DATA RECORDS |
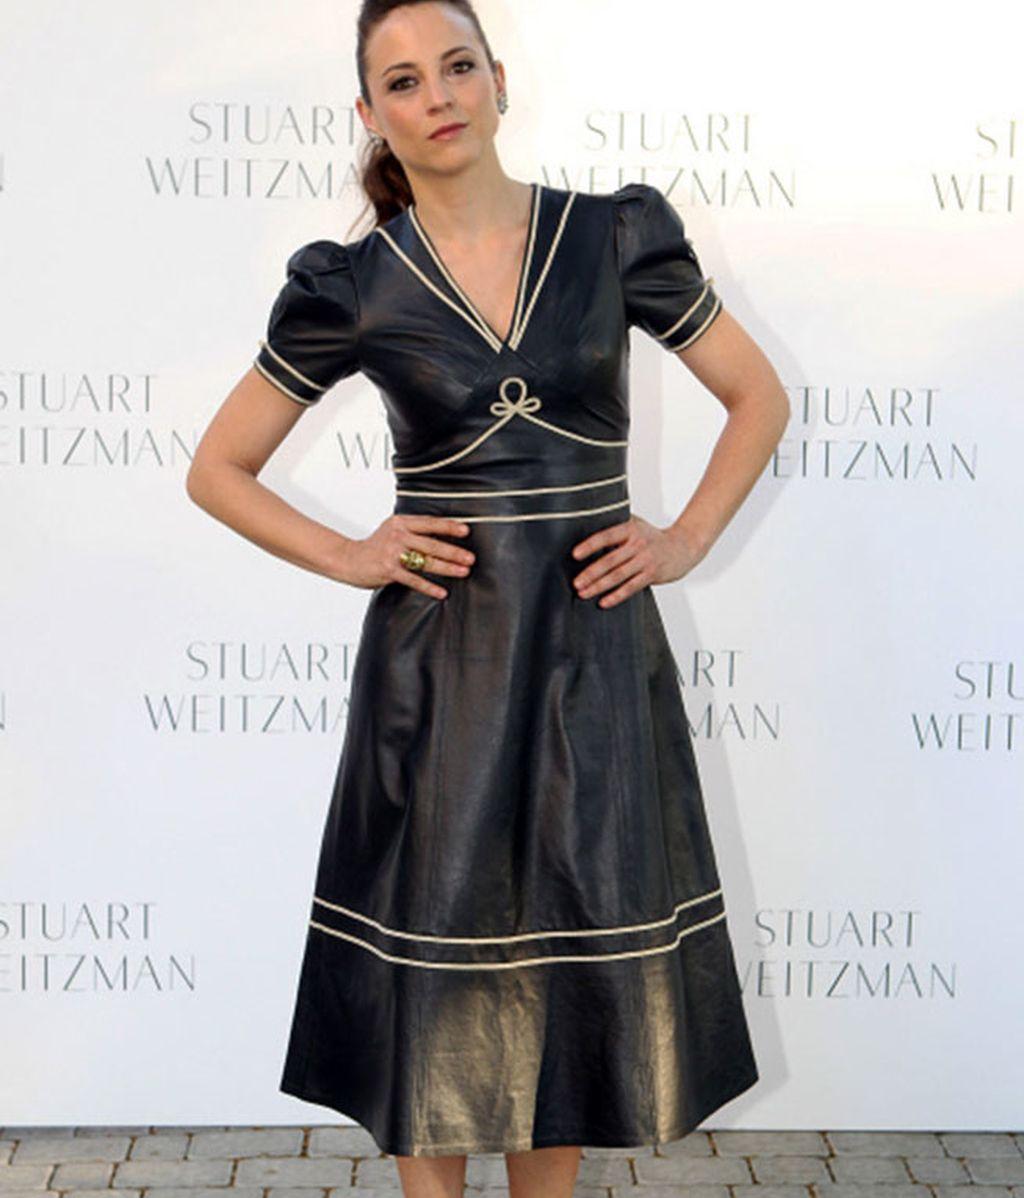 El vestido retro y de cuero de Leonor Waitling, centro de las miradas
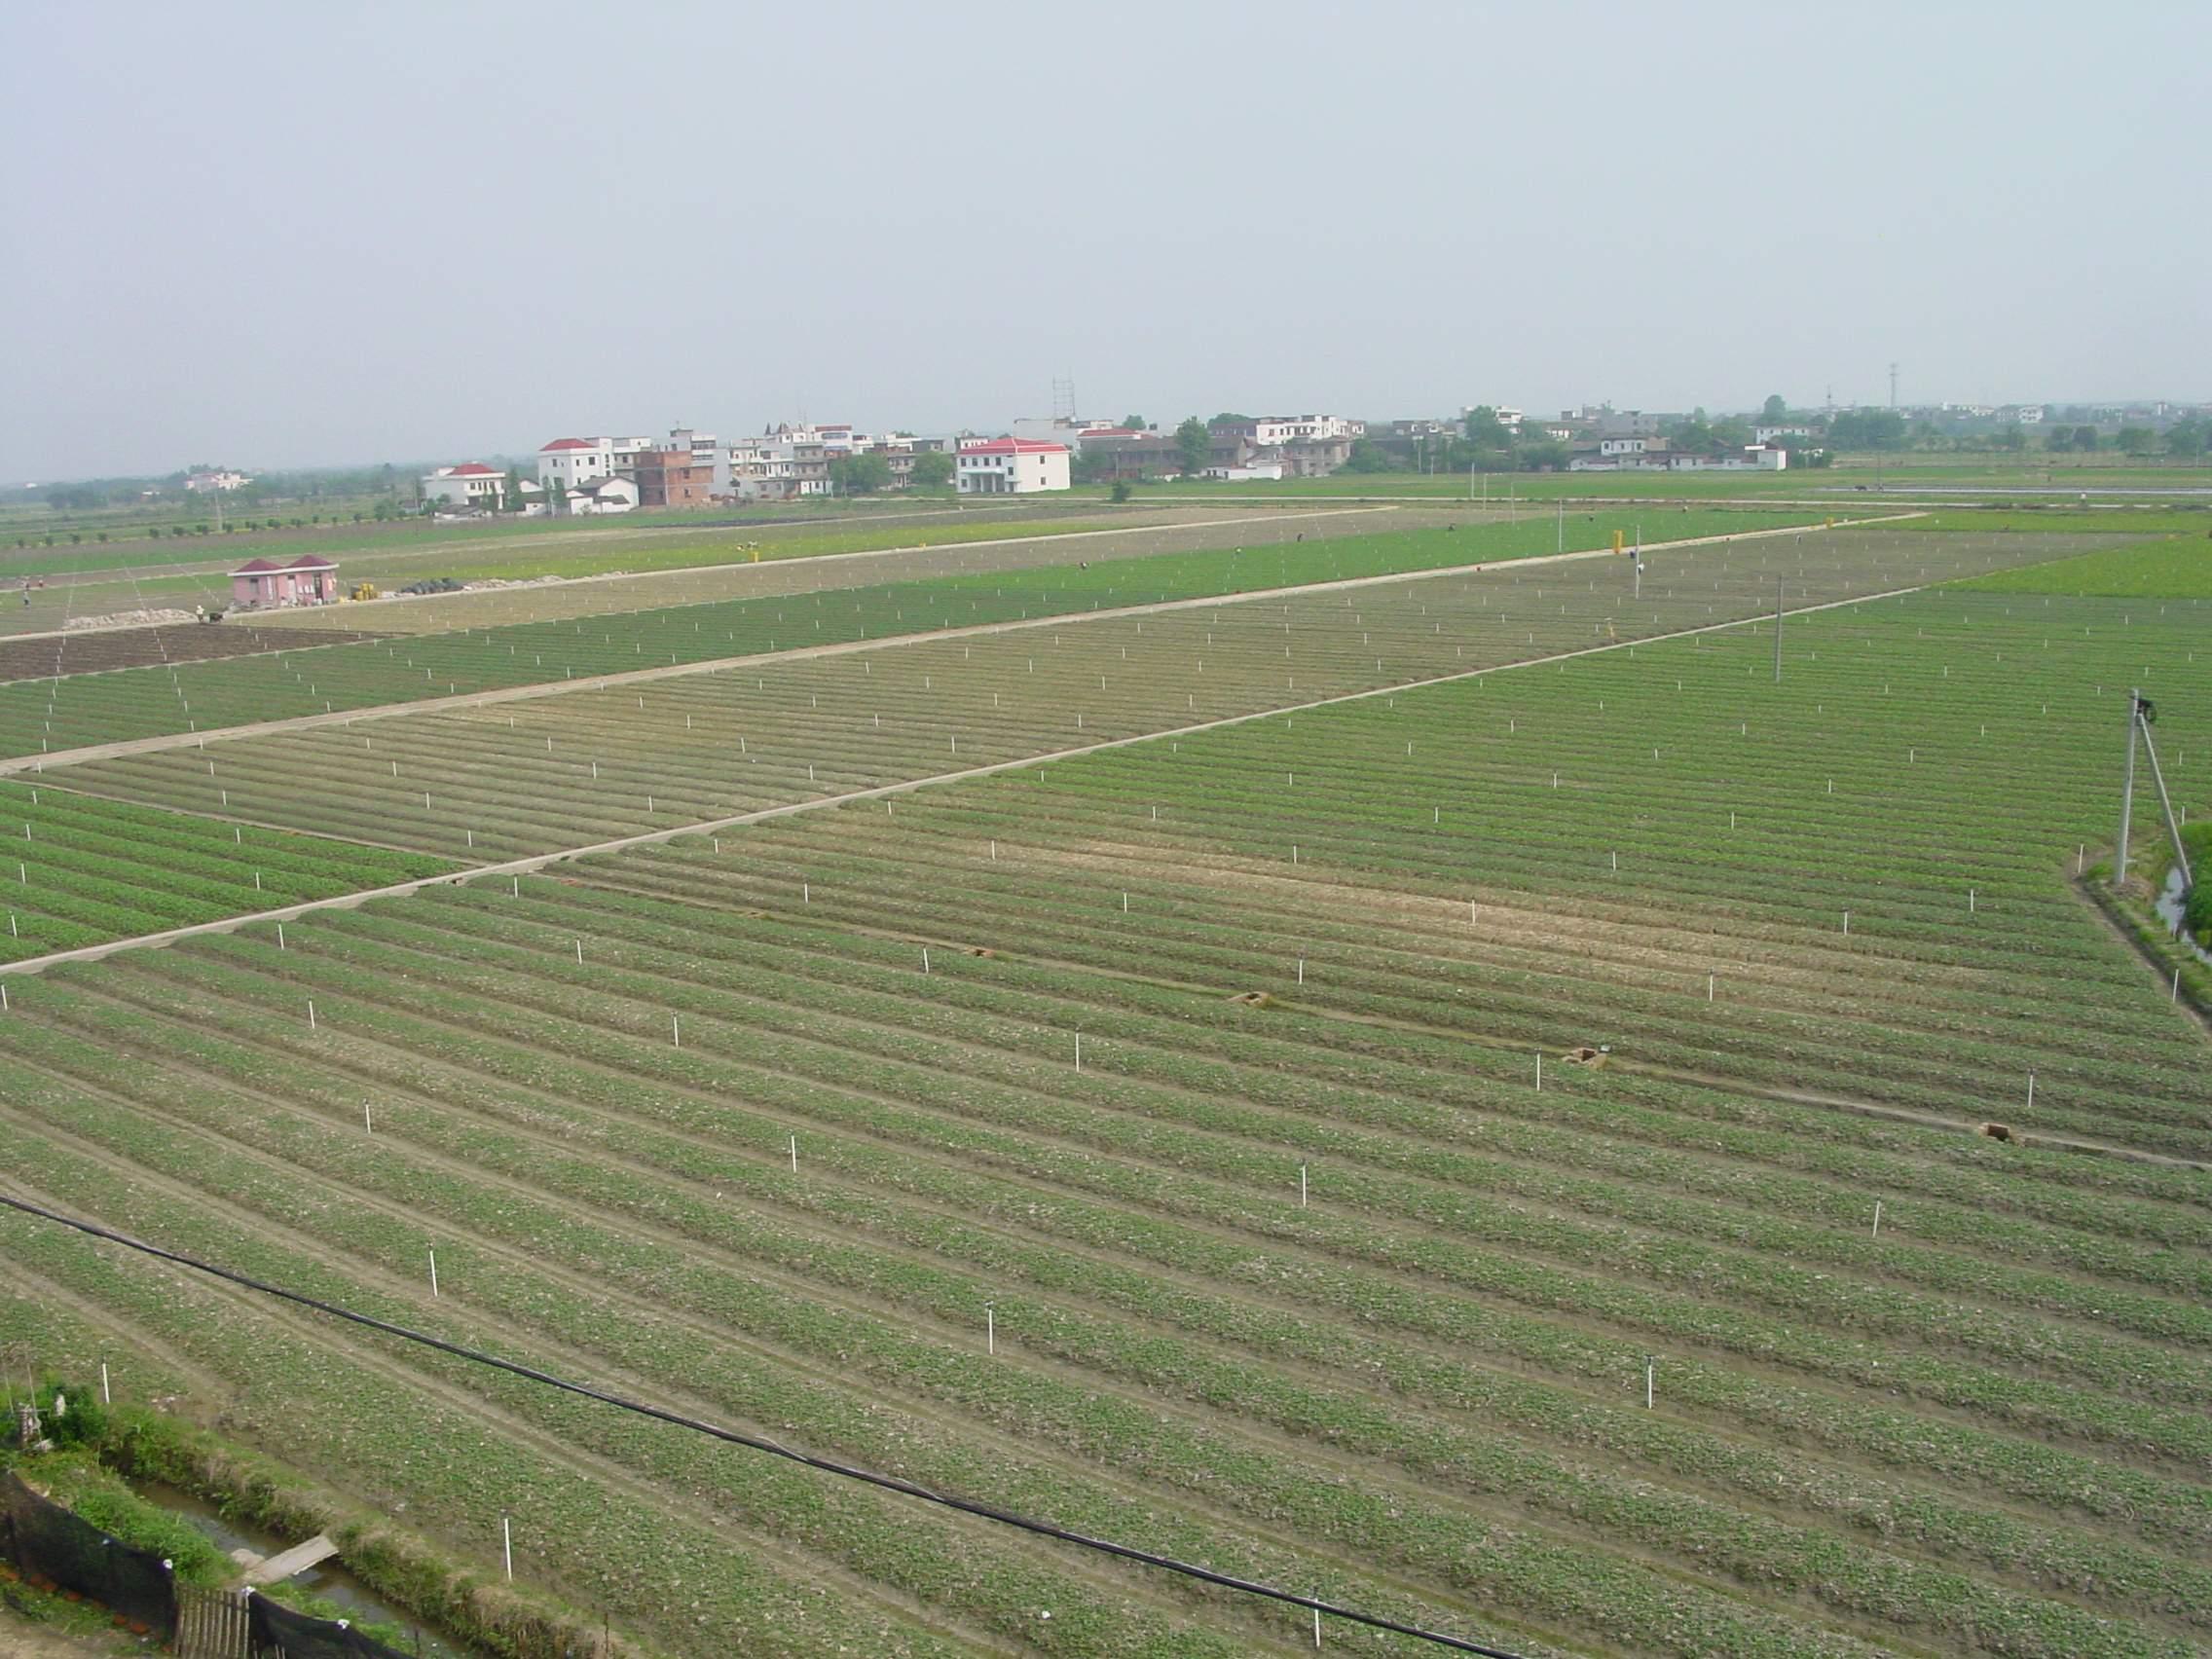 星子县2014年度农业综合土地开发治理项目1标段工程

--

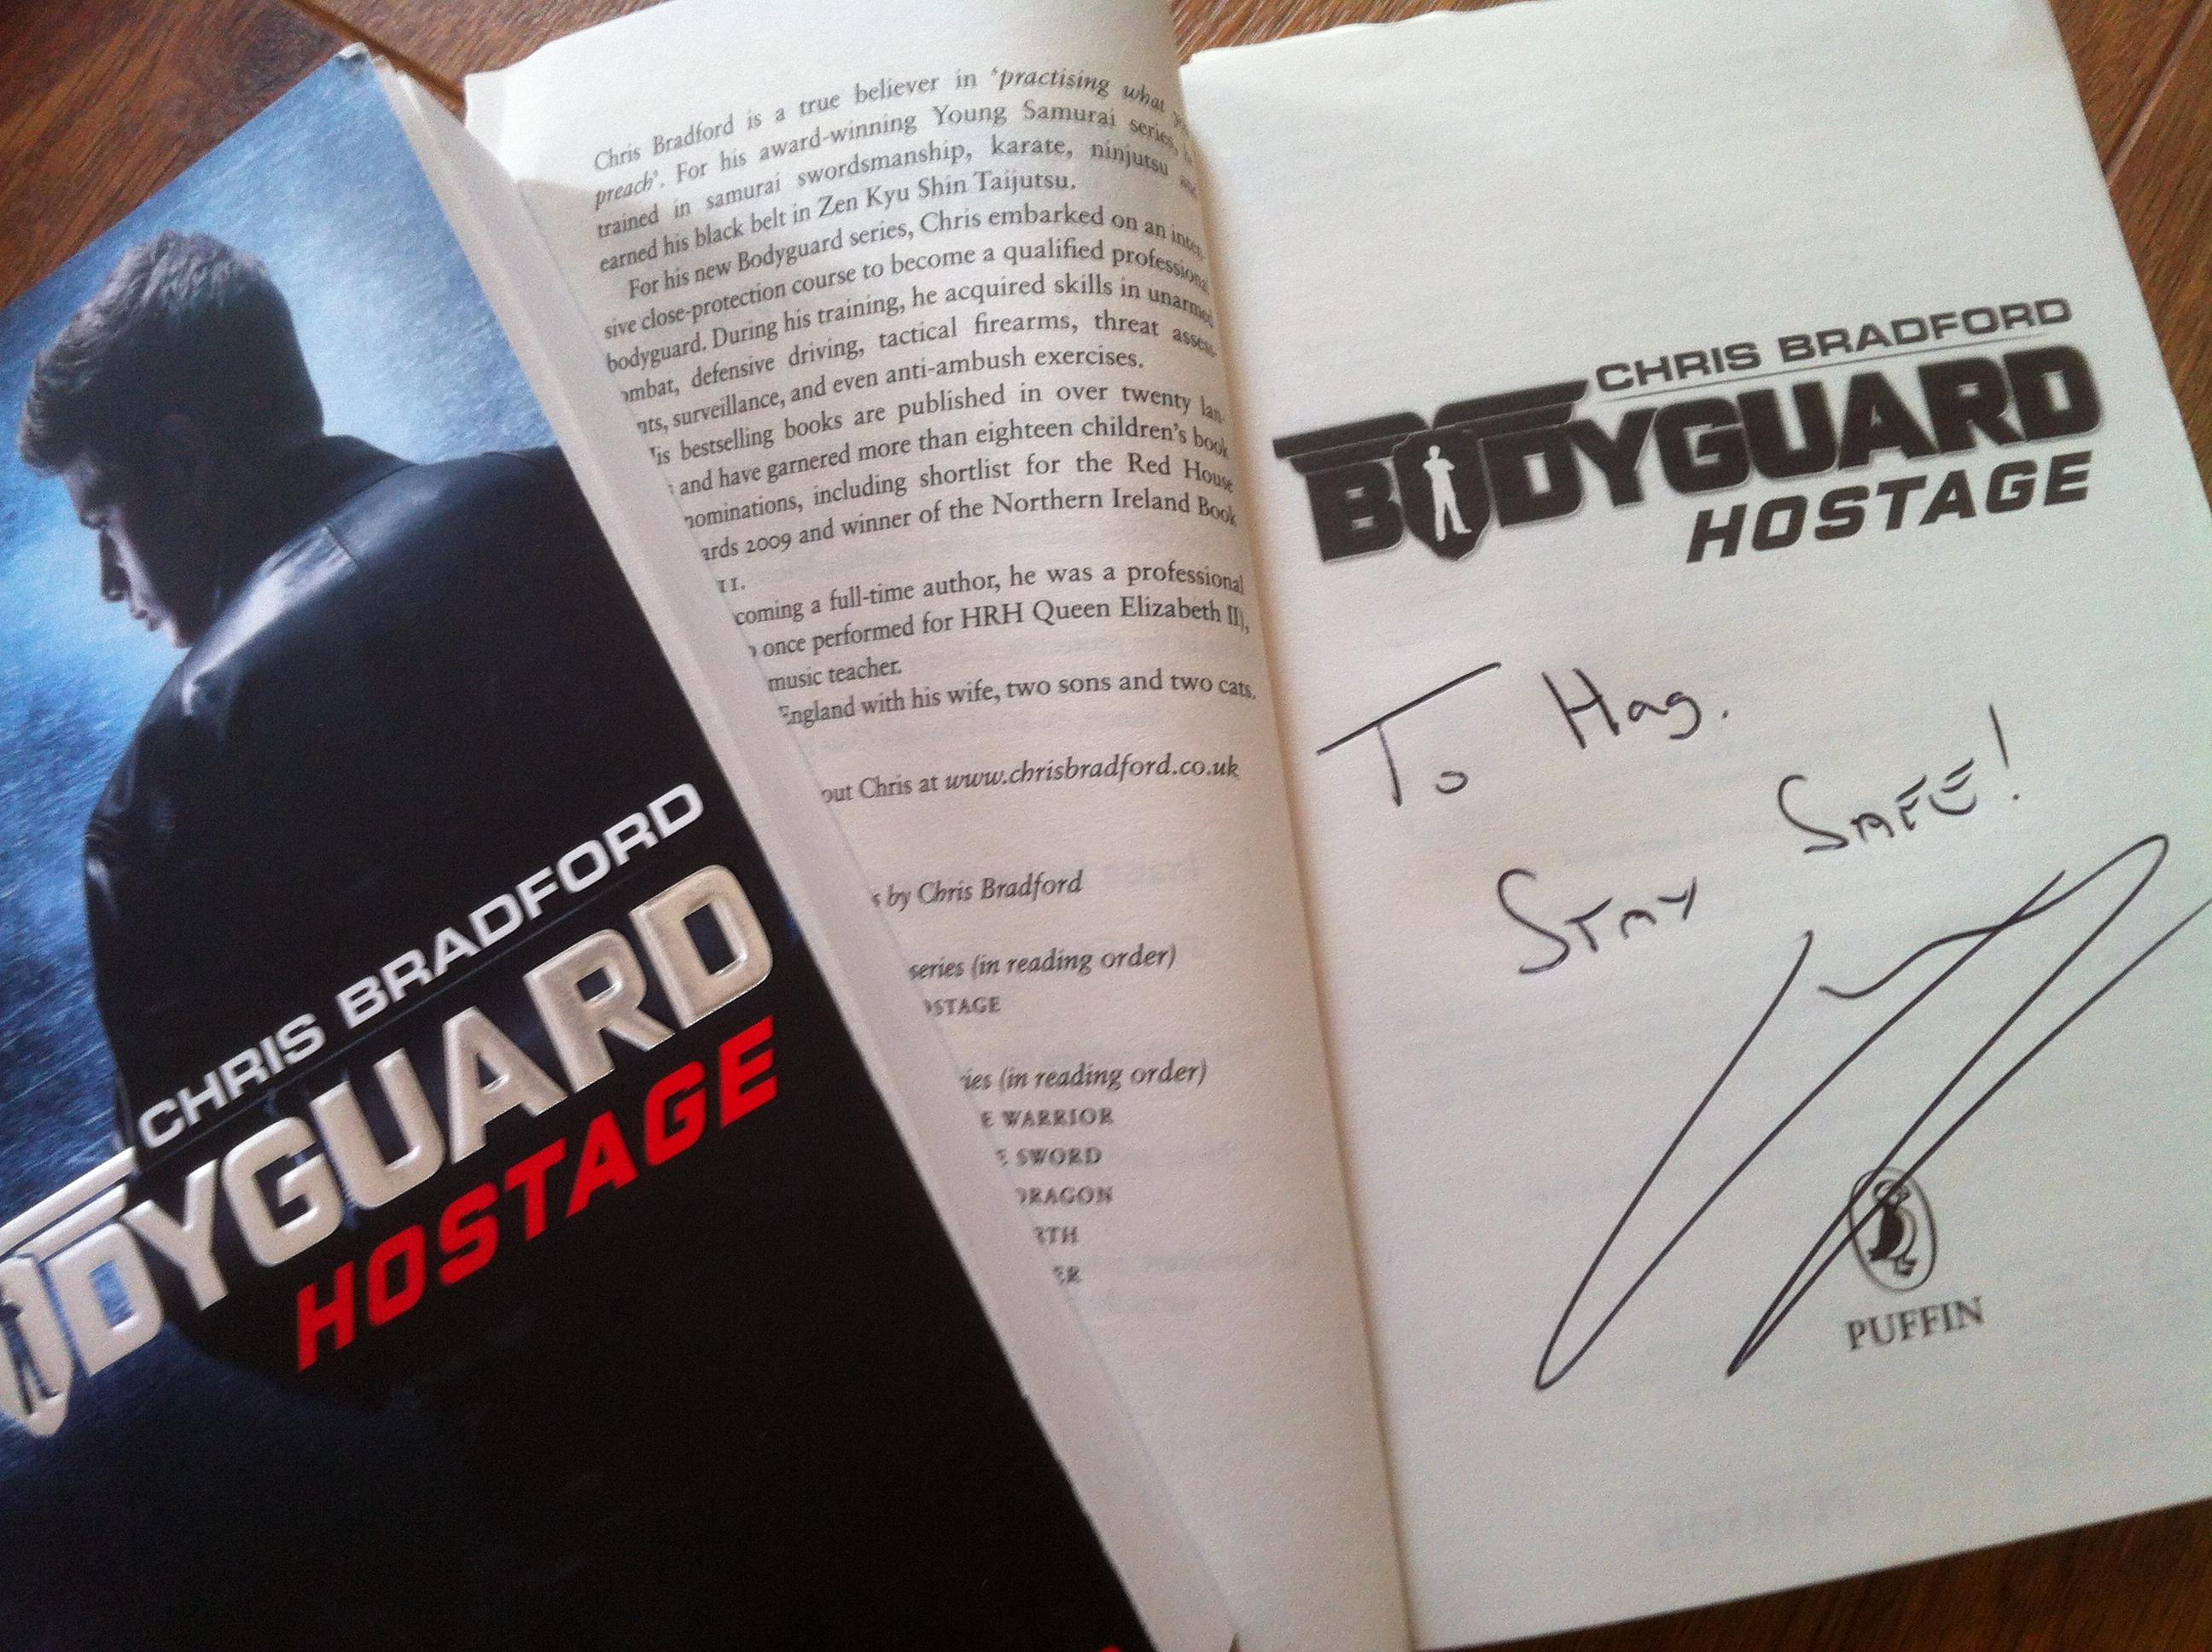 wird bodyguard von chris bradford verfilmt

DIRECTIONS |
Pictures in the material above should be skipped; print exactly the lines from the one with "El vestido retro" through the one with "星子县2014年度农业综合土地开发治理项目1标段工程".

FINAL ANSWER |
 El vestido retro y de cuero de Leonor Waitling, centro de las miradas
 星子县2014年度农业综合土地开发治理项目1标段工程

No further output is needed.